A local artist living on a truck was one of the exhibits when Salil Shetty, Secretary-General of Amnesty International, called in on his one-day fact-finding mission. But the artist’s house on his nearby homeland was a fact not found by Mr Shetty because he wasn’t made aware if it, our source suggests.
 
If he had, perhaps his finding would not have been that “around 500 homeland communities are being left to wither as the Government starves them of essential services”.
 
Many people in the makeshift camps also have access to houses, says our source. Overcrowding is an issue, but it’s a moving target. Finances, family disputes, community events, and cultural obligations (such as sorry business) all make it impossible to provide a clear picture of true demographics and housing needs.
 
Other assets not on Mr Shetty’s itinerary were the recently upgraded power station, successful local clinic and the new multi-million dollar middle school.
 
“I’m sure he travelled on the newly sealed highway improving access between community administration, health clinic and the airstrip,” says our source.
 
Chief Minister Paul Henderson sang the school’s praises during Q&A – it’s fantastic, a middle and senior school, as good as anywhere, but  kids need to go to school: “That’s is the challenge.” He made that point twice.
 
Getting kids to school – clearly – is the job of the parents, or in the Aboriginal context, the extended family.

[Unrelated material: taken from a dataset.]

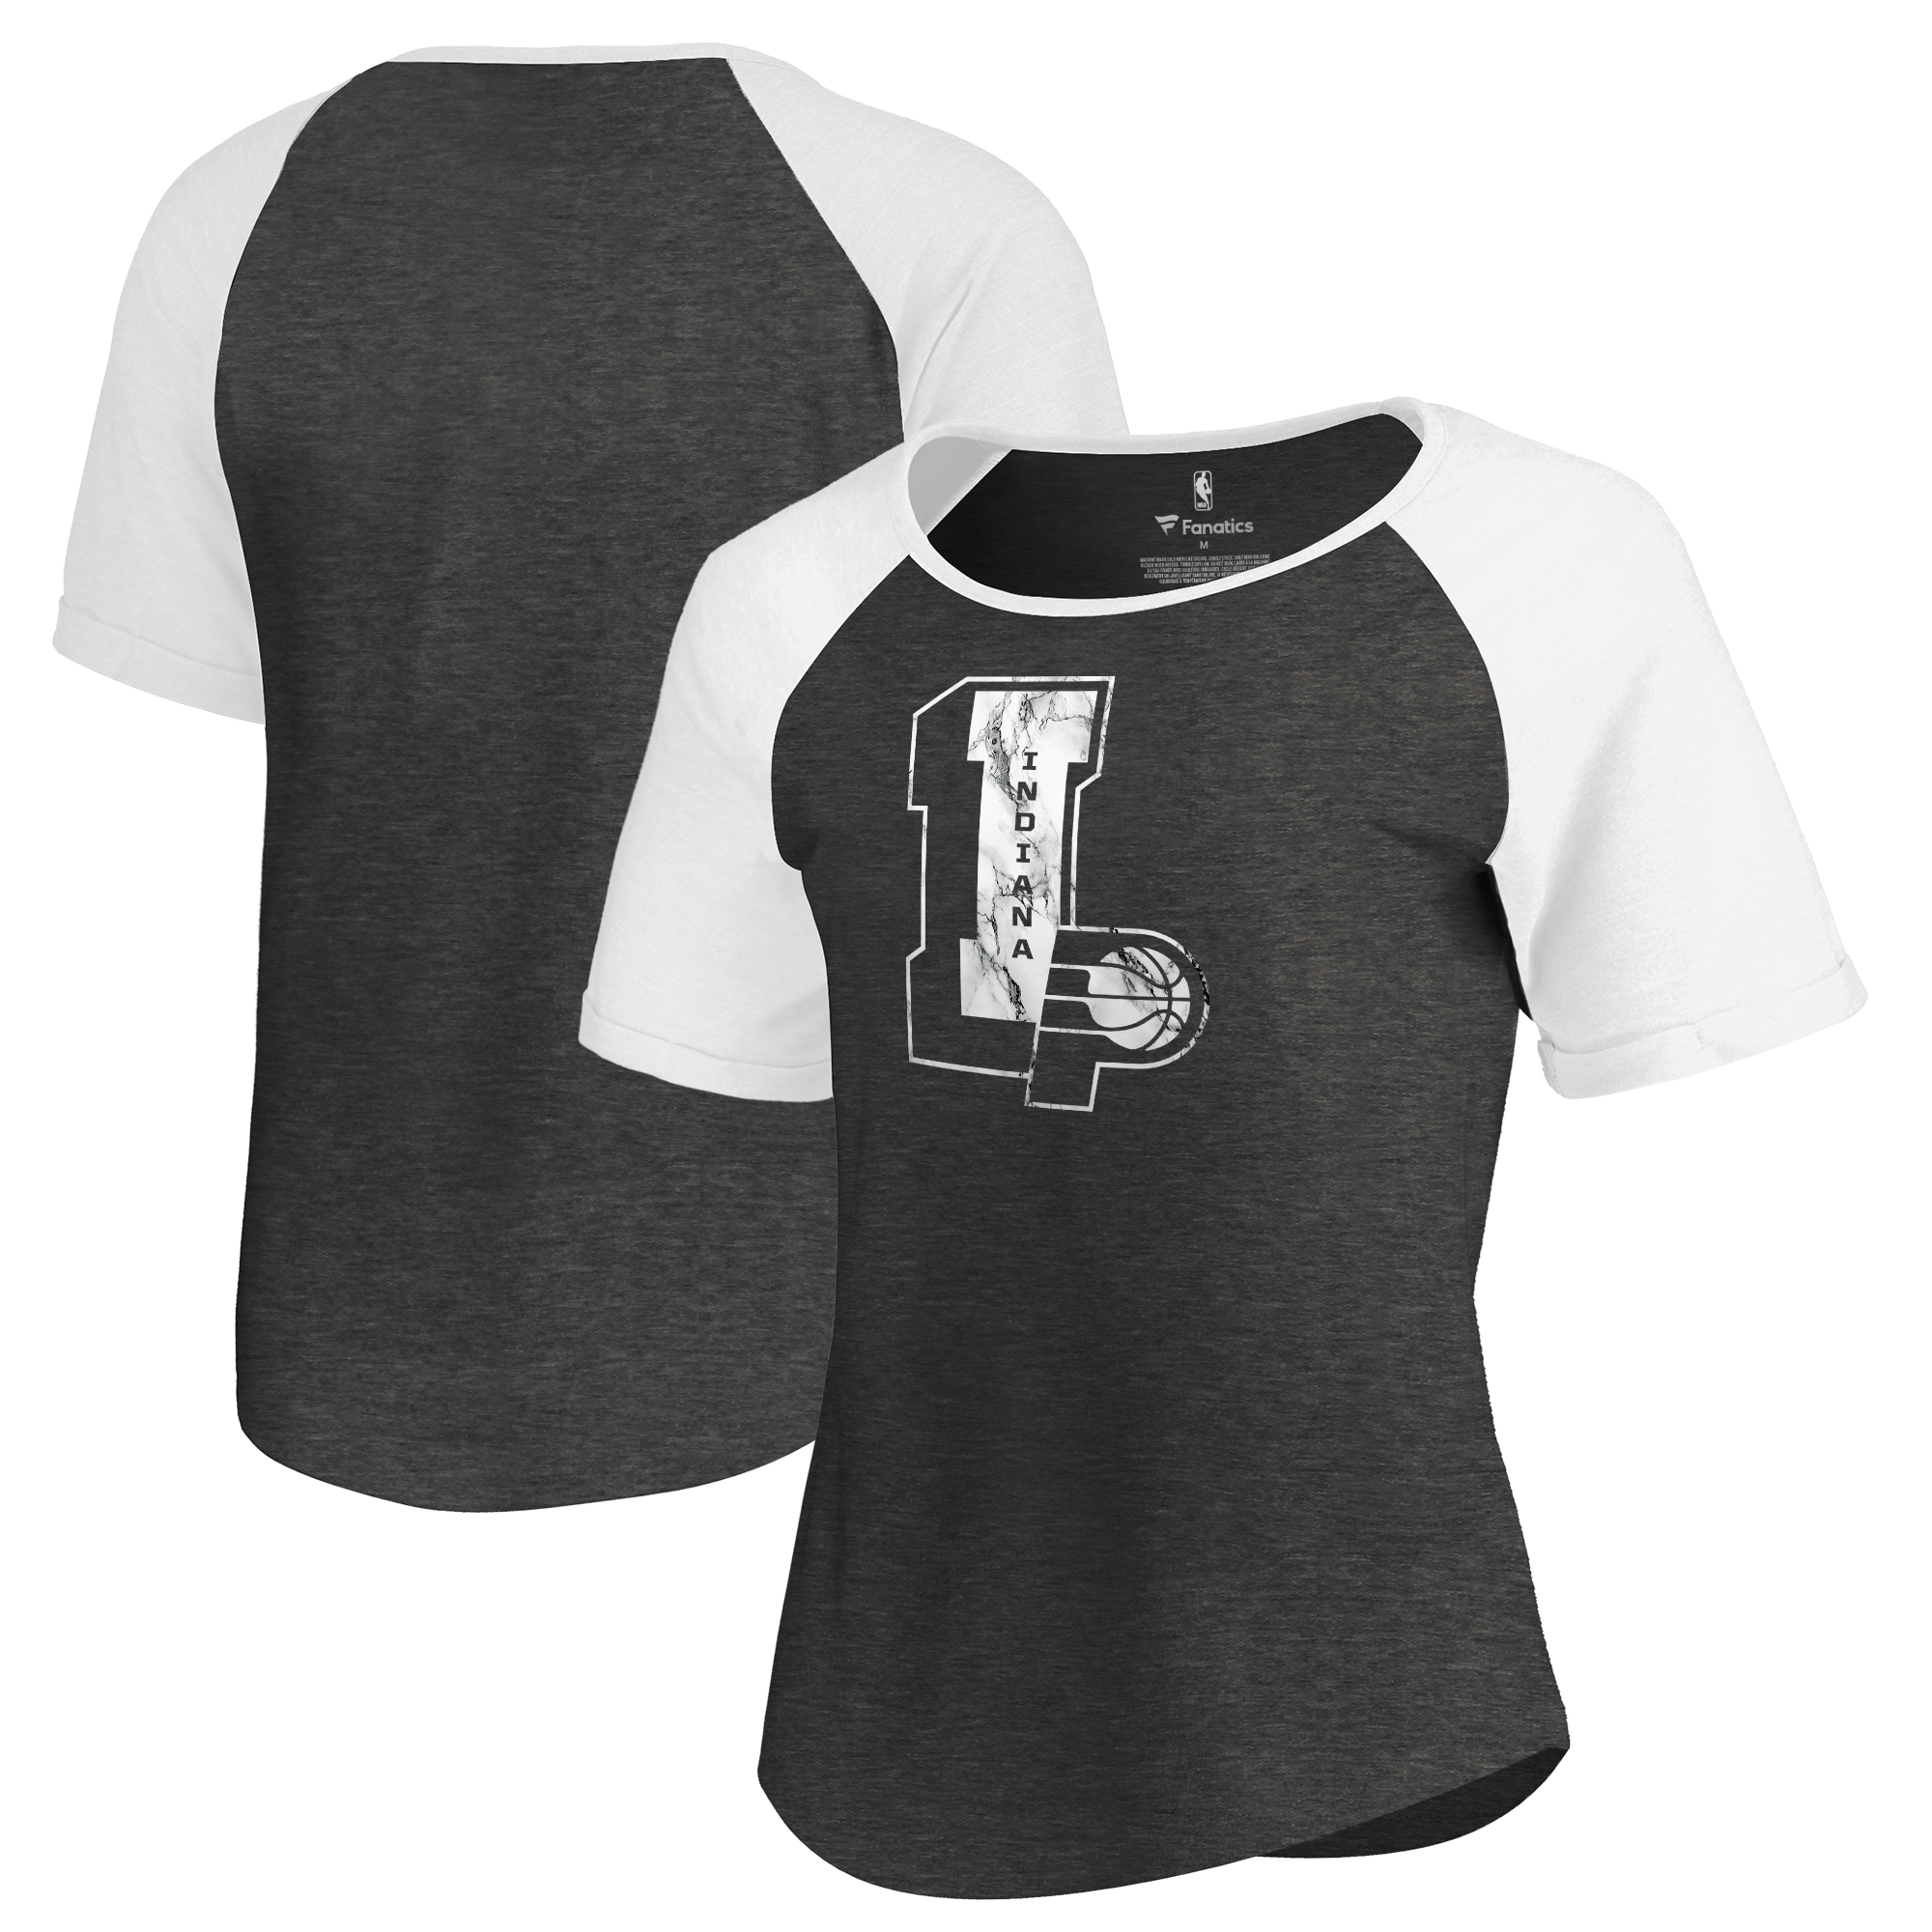 Indiana Pacers Fanatics Branded Women's Letterman Tri-Blend Raglan T-Shirt - Black
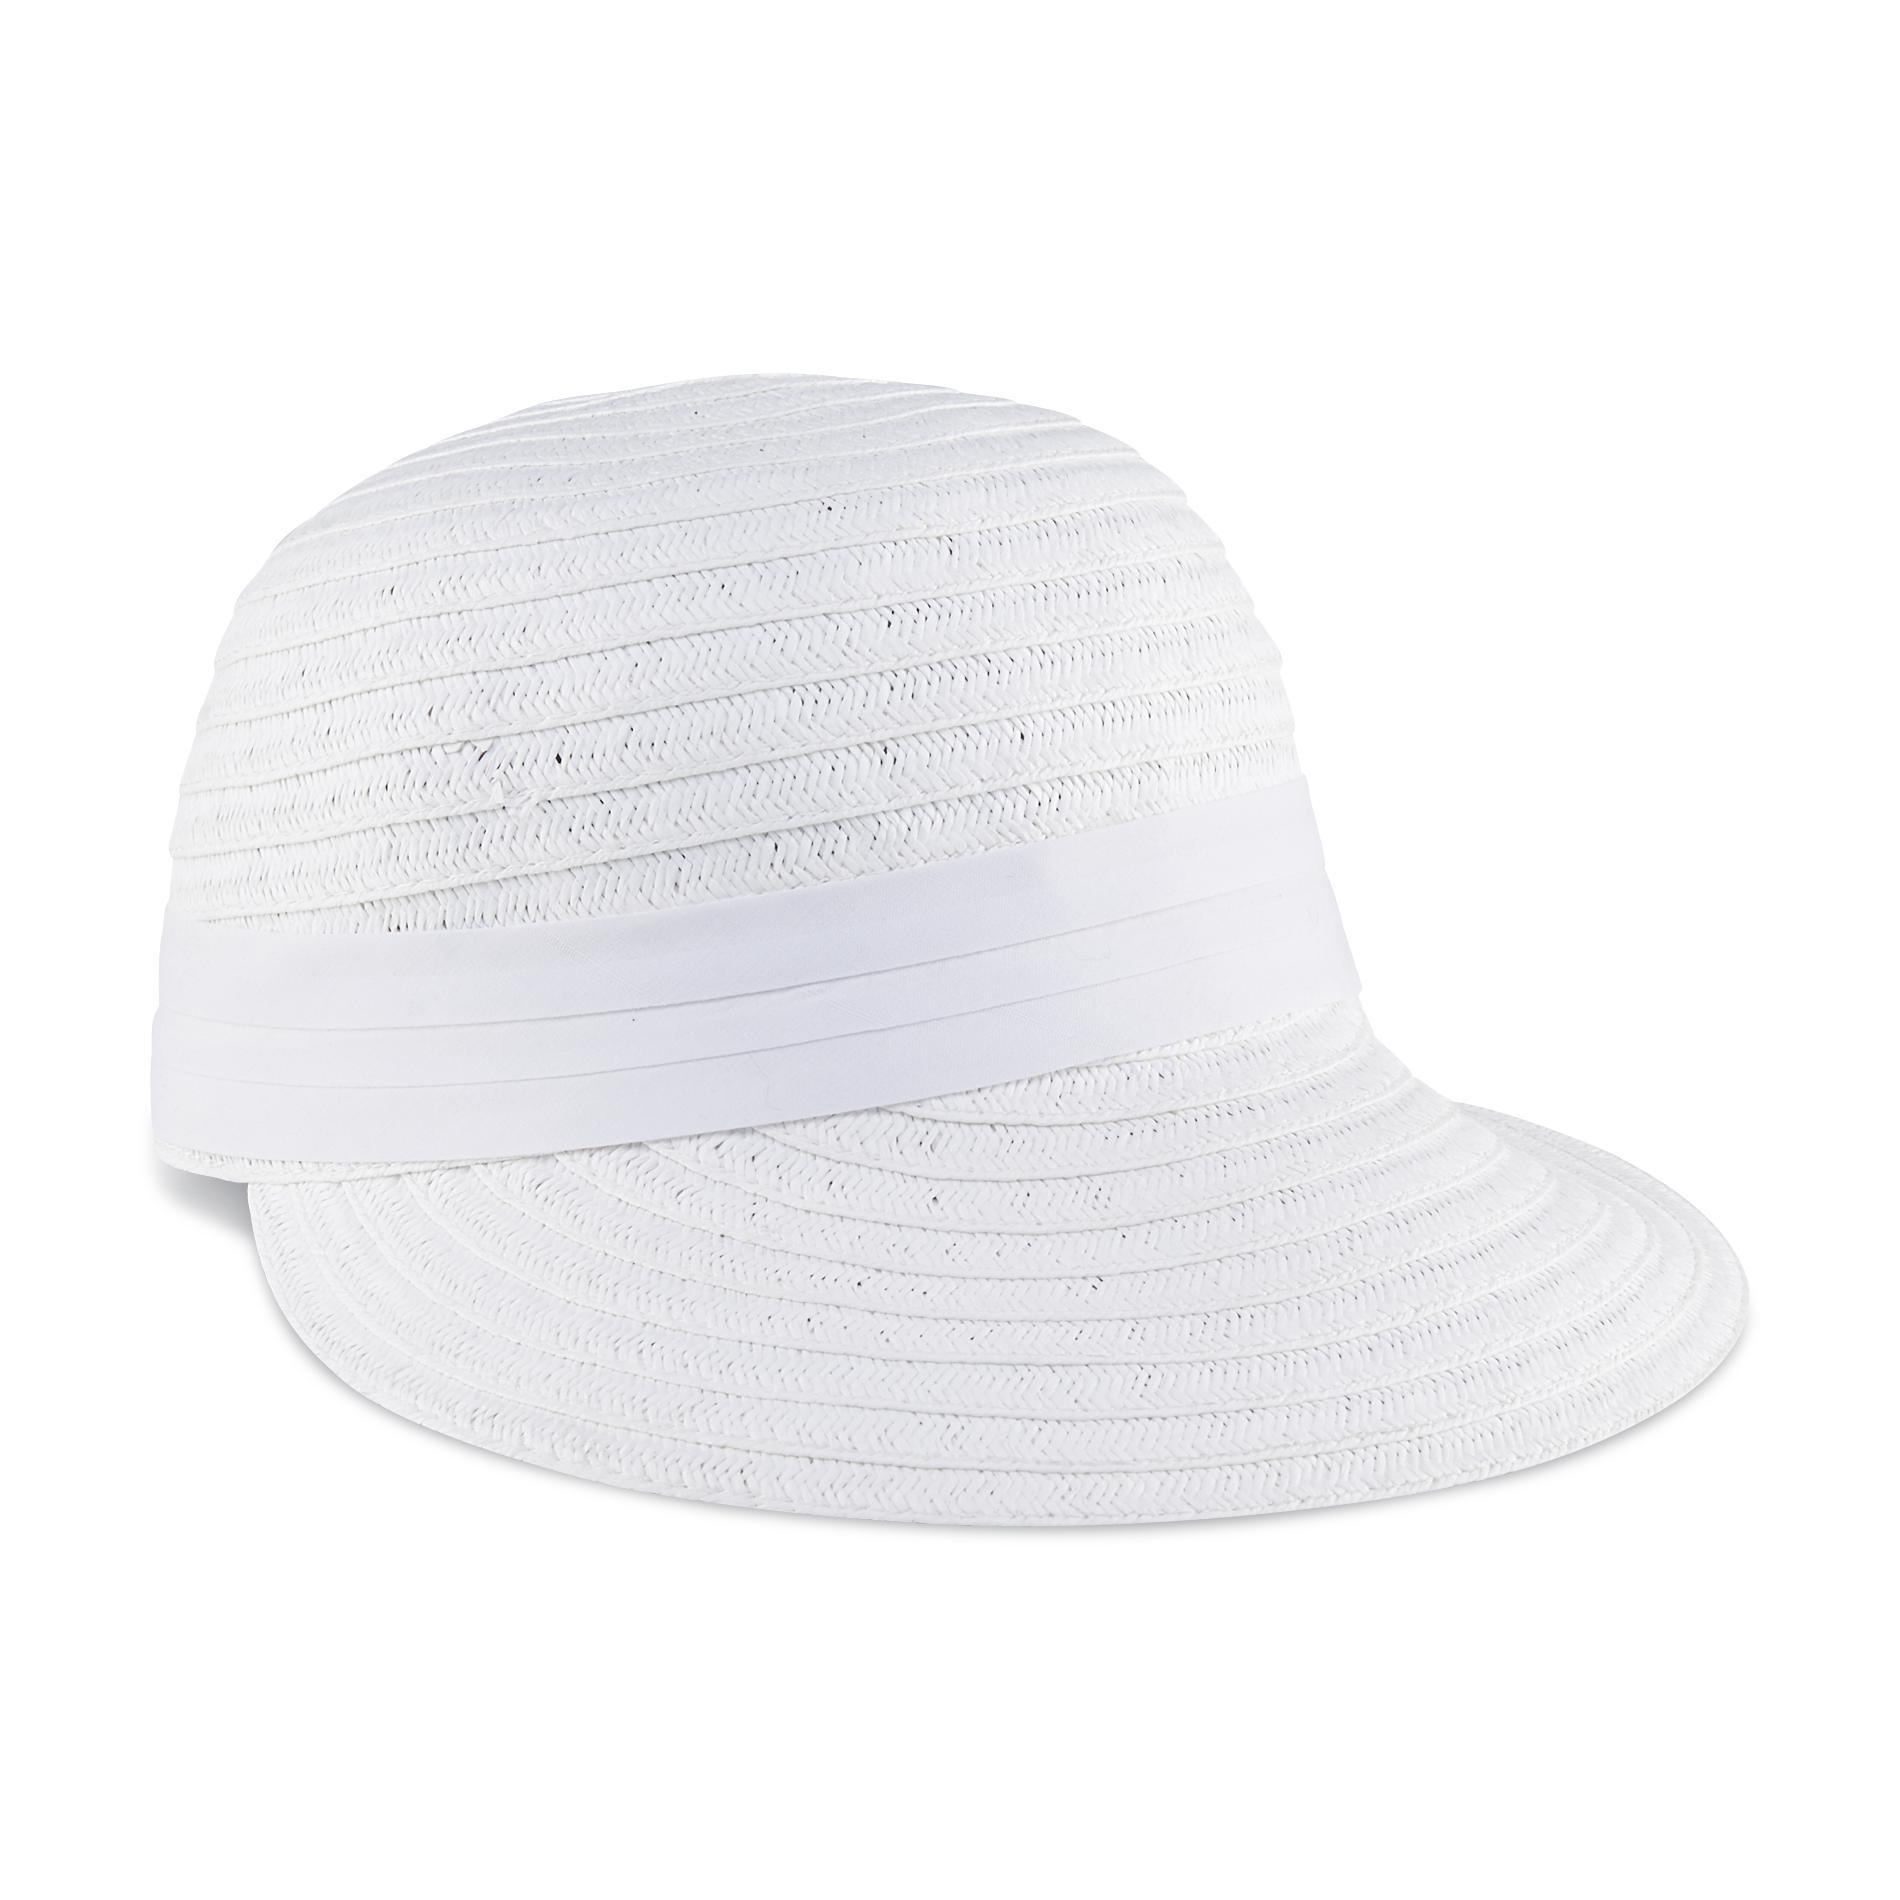 Basic Editions Women's Straw Face Framer Hat

It’s not a job for the Government.
 
The government’s dollar figure is impressive, the school’s enrolment and attendance figures are not. These are freely available on the departmental website.
 
Blame cannot be laid at the feet of the teachers. For most remote teachers the day starts early. At Utopia teachers clock on before school as school bus drivers, collecting kids from many of the outstations of the sprawling community. Together the teachers cover hundreds of kilometers each day.
 
How many dozens of able-bodied people are around, most of them on the dole, who could be doing that job? How many parents help, our source asks.
 
Surely locals were offered the drivers’ jobs, but they probably found the dole more appealing, or very soon couldn’t or didn’t want to display the reliability and punctuality required.
 
Again, the transport factor is a major issue in this decentralised community. How much should the government and taxpayer subsidise vehicles, road improvement and transport costs associated with a community’s decision to decentralise into homelands? It’s a big question, says our source. There always seems to be fuel to get to a footy game or to an interstate rodeo, though!
 
On their bus run the teachers call at the parents’ door but they don’t go inside. If a kid isn’t ready they don’t get picked up. Sadly many don’t make it to school and what’s more, some are not even enrolled. “No jobs, why do they need mainstream education?” is a common attitude, our contact says.
 
Mrs Kunoth-Monks mentioned the support of The Jack Thompson Foundation. What they are doing is well documented on their web site.
 
One has to assume the program is as successful as reported. If we drove by today, how many local people would be working on these activities? Would it be just white staff or volunteers on the job?
 
Batchelor Institute and Charles Darwin University are just two RTOs providing courses to locals. Clinic staff coordinate a free locum style service.
Extensive staff travel facilitates great access to health services for the Utopia population. People living in “absolute poverty” in many parts of the world rarely experience that same level of service.
 
Is the reported health success of these homelands not due in part to the amazing dedication of health staff, our source asks.
 
No mention of lots of this on Q&A.

12 COMMENTS

  1. Poverty? Poverty! If Aboriginal people in Alice Springs want to know poverty, they could look up African communities or South East Asia people on their child’s free brand new computer before family smash it, they could discover “poverty” is directed more towards those who don’t get free Centrelink benefits, don’t get royalties, don’t get free education and school lunches, free healthcare, a free bus to catch a ride on to the clinic, free medication, don’t get free food vouchers when they spend all their free government payments on grog and junk food/cars. Grog costs money, get real Kunoth-Monks. Take responsibility for the misspent wealth of your people.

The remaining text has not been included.